The key is to ask questions that dig deeper, inquiring about actual behavior, like whether someone has ever actively sought a solution like yours. Furthermore, software engineers as a user group are some of the most capable people in the world at solving their own problems. If they haven’t already tried scripting a solution, was it that big of a problem in the first place?

Existing vs. nonexistent solutions

In developing a product for developers, it’s crucial to check one key detail: Does a solution already exist?

One of two things must be true if a solution doesn't exist. Either the idea doesn’t solve a big enough pain point (such as in our case with rollbacks and bug-capture), or there’s a fundamental reason why it hasn’t been able to exist yet. In-memory databases have always been a great idea, but it took RAM getting cheap enough for the idea to become unlocked. Chatbots are wonderful, but were blocked on advancements in large language models.

If you want to pursue building a dev tool that has never been built before, be very clear on why it can only be built now, and be ready to fight many competitors who have also just been unlocked.

A great example of being unlocked by the advancement of technology is MemSQL:

On April 23, 2013, SingleStore launched its first generally available version of the database to the public as MemSQL.[9] Early versions only supported row-oriented tables, and were highly optimized for cases where all data can fit within main memory. This design was based on the idea that the cost of RAM would continue to decrease exponentially over time, in a trend similar to Moore's law. This would eventually allow most use cases for database systems to store their data exclusively in memory.
https://en.wikipedia.org/wiki/SingleStore

The alternative (and in my opinion better) scenario is when the tool already exists but it has some glaring flaws. You can often find an open source project, a blog, or an internal big company tool that matches your idea. This can be some of your best validation that folks care about the problem enough to have tried building it before. The only thing left for you to figure out is: do users still feel some pain around the tool? How can you do better?

PagerDuty is a great example of this scenario:

We spent that first month of ‘09 thinking of ideas and doing research. One of the ways we thought of ideas was by thinking of internal tools that bigger companies had built in-house (like Amazon, where all three of us had worked prior) that other companies of all sizes would need… Amazon had built an internal tool to handle on-call scheduling and alerting via pagers. This tool was bolted on top of their internal ticketing and monitoring systems, so when critical issues were detected, the right people were paged… After doing a bit of research, we realized that it wasn’t just Amazon that built an internal tool for going on call—Google and Facebook both built their own versions. It seemed like there was a clear need here.
https://www.pagerduty.com/blog/decade-of-duty/

In the case of Graphite, our third and final pivot, the tool also already existed. Stacked diffs and alternative code review platforms were already invented and beloved at bigger companies like Google and Facebook. Phabricator and Gerrit were open source. Users actively searched for solutions, wrote scripts, tried self-hosting, and more. Each month someone on Twitter would tweet at GitHub asking for them to build stacked diffs natively. All the while, users craved more. It was the perfect opportunity for a new dev tool.

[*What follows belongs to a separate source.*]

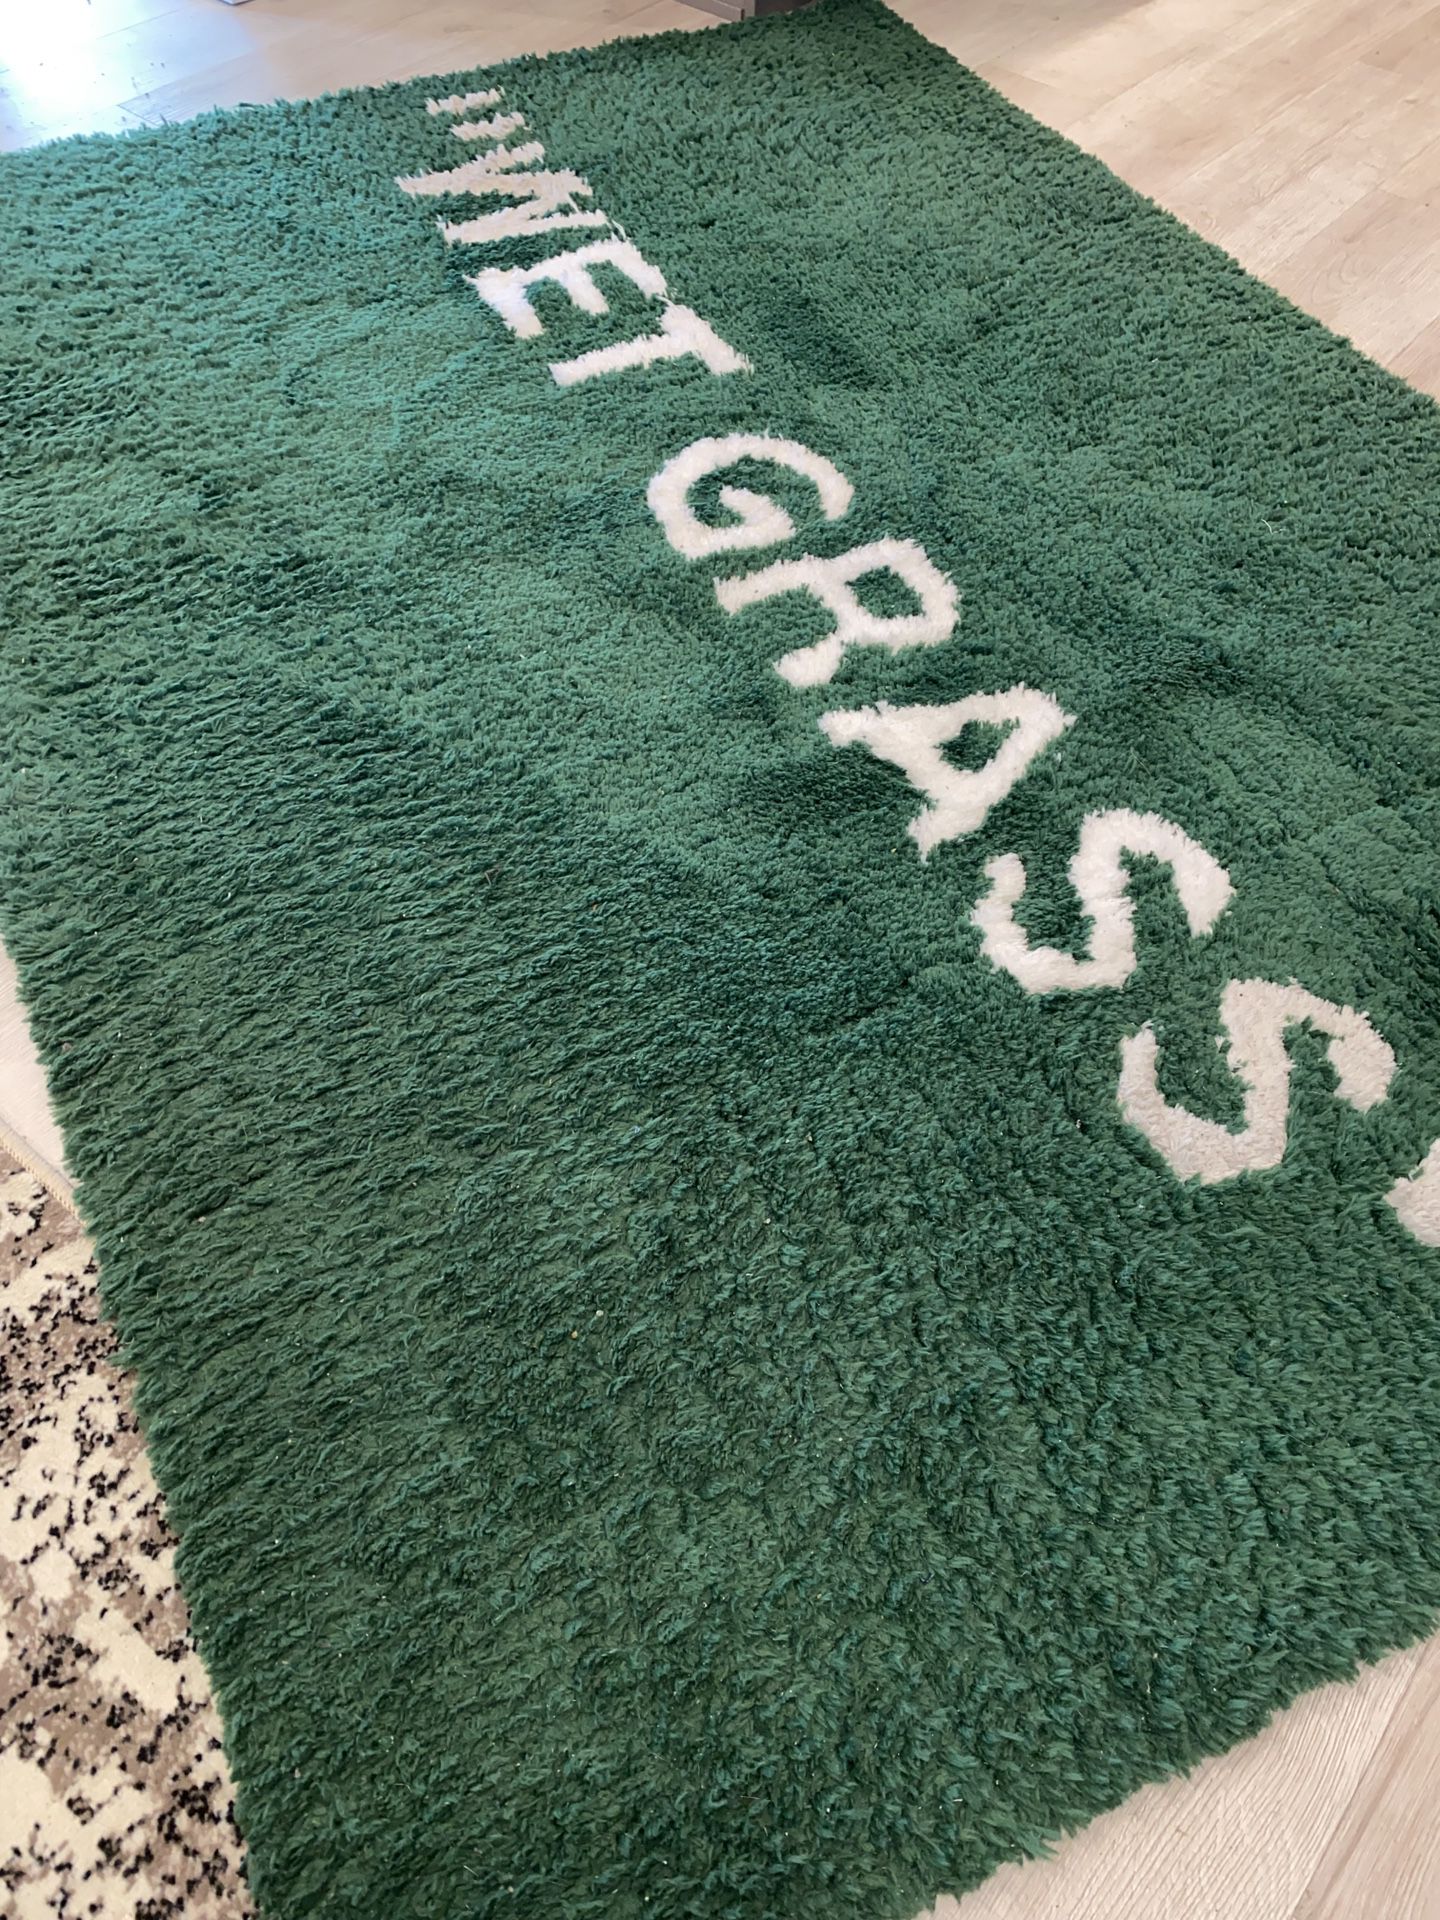 Off white wet grass rug for sale! GTA area : r/SneakersCanada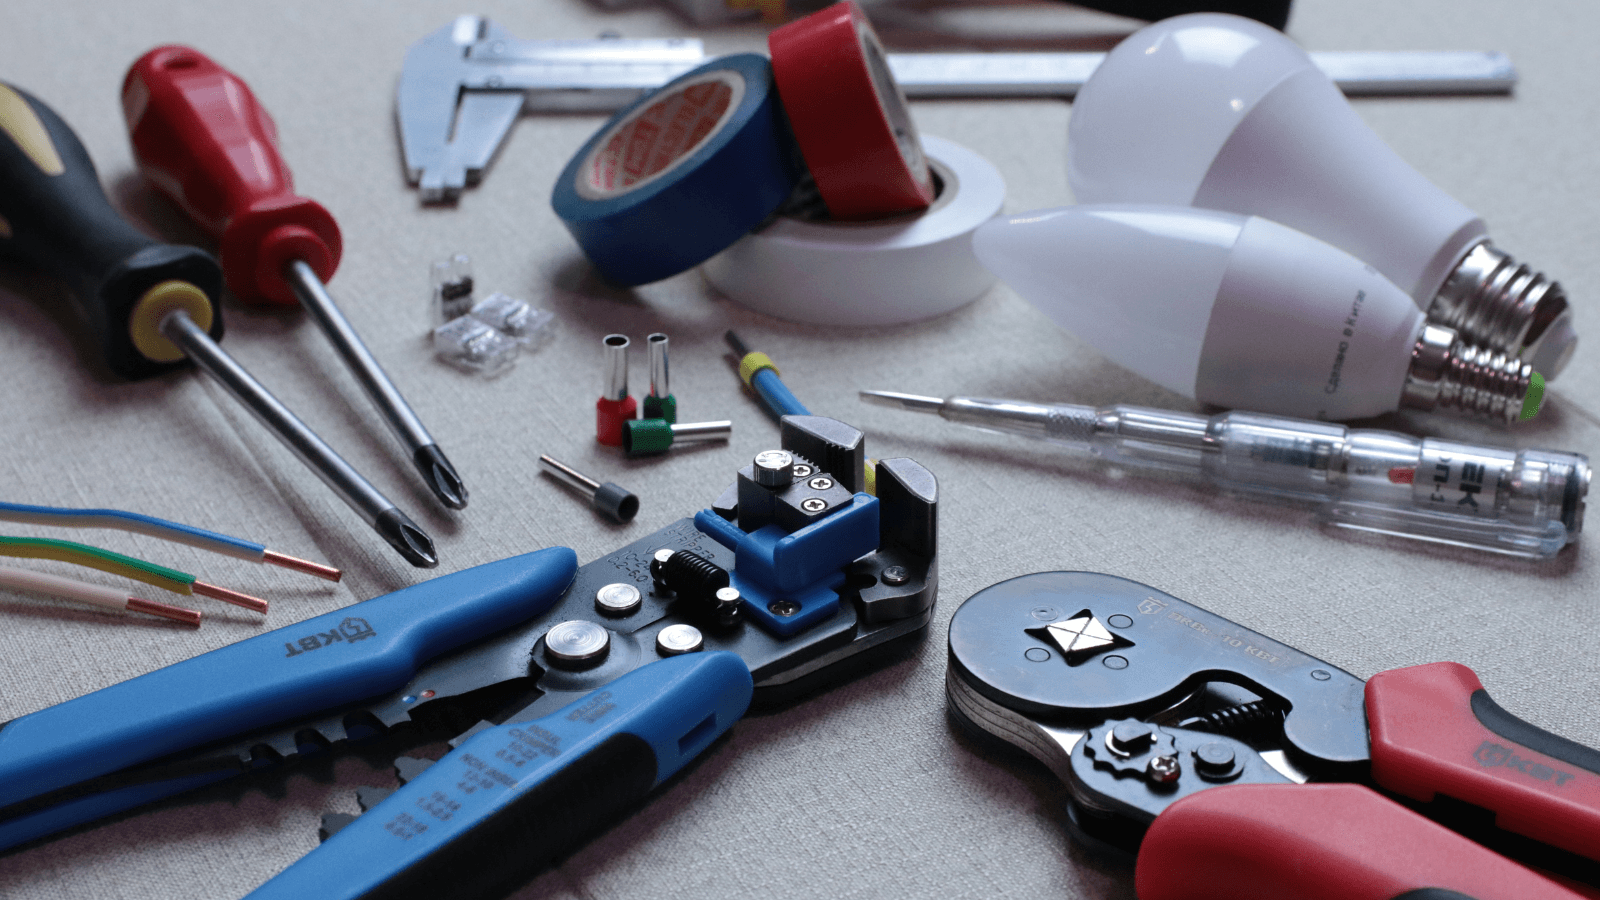 Repair Cafe Oshkosh comes to YMCA May 11th

Why did our first two attempts fail to gain traction, while our third succeeded? It certainly wasn't that the quality of our engineering doubled over night; that remained steady. The answer was that unlike our previous two ideas, people actually felt pain in the problem we were solving.

The Litmus test for dev tools

Fundamentally, Graphite passed The Mom Test in a way that our previous ideas hadn’t. Had we clearly and unbiasedly asked the following questions, we could have picked the right product to build from the start:

"When was the last time you googled for such a tool?”
“Did you try installing what you found?”
“Tell me about a script you hacked together here.”
“Since hacking together a script, when was the last time you still googled for a better solution?”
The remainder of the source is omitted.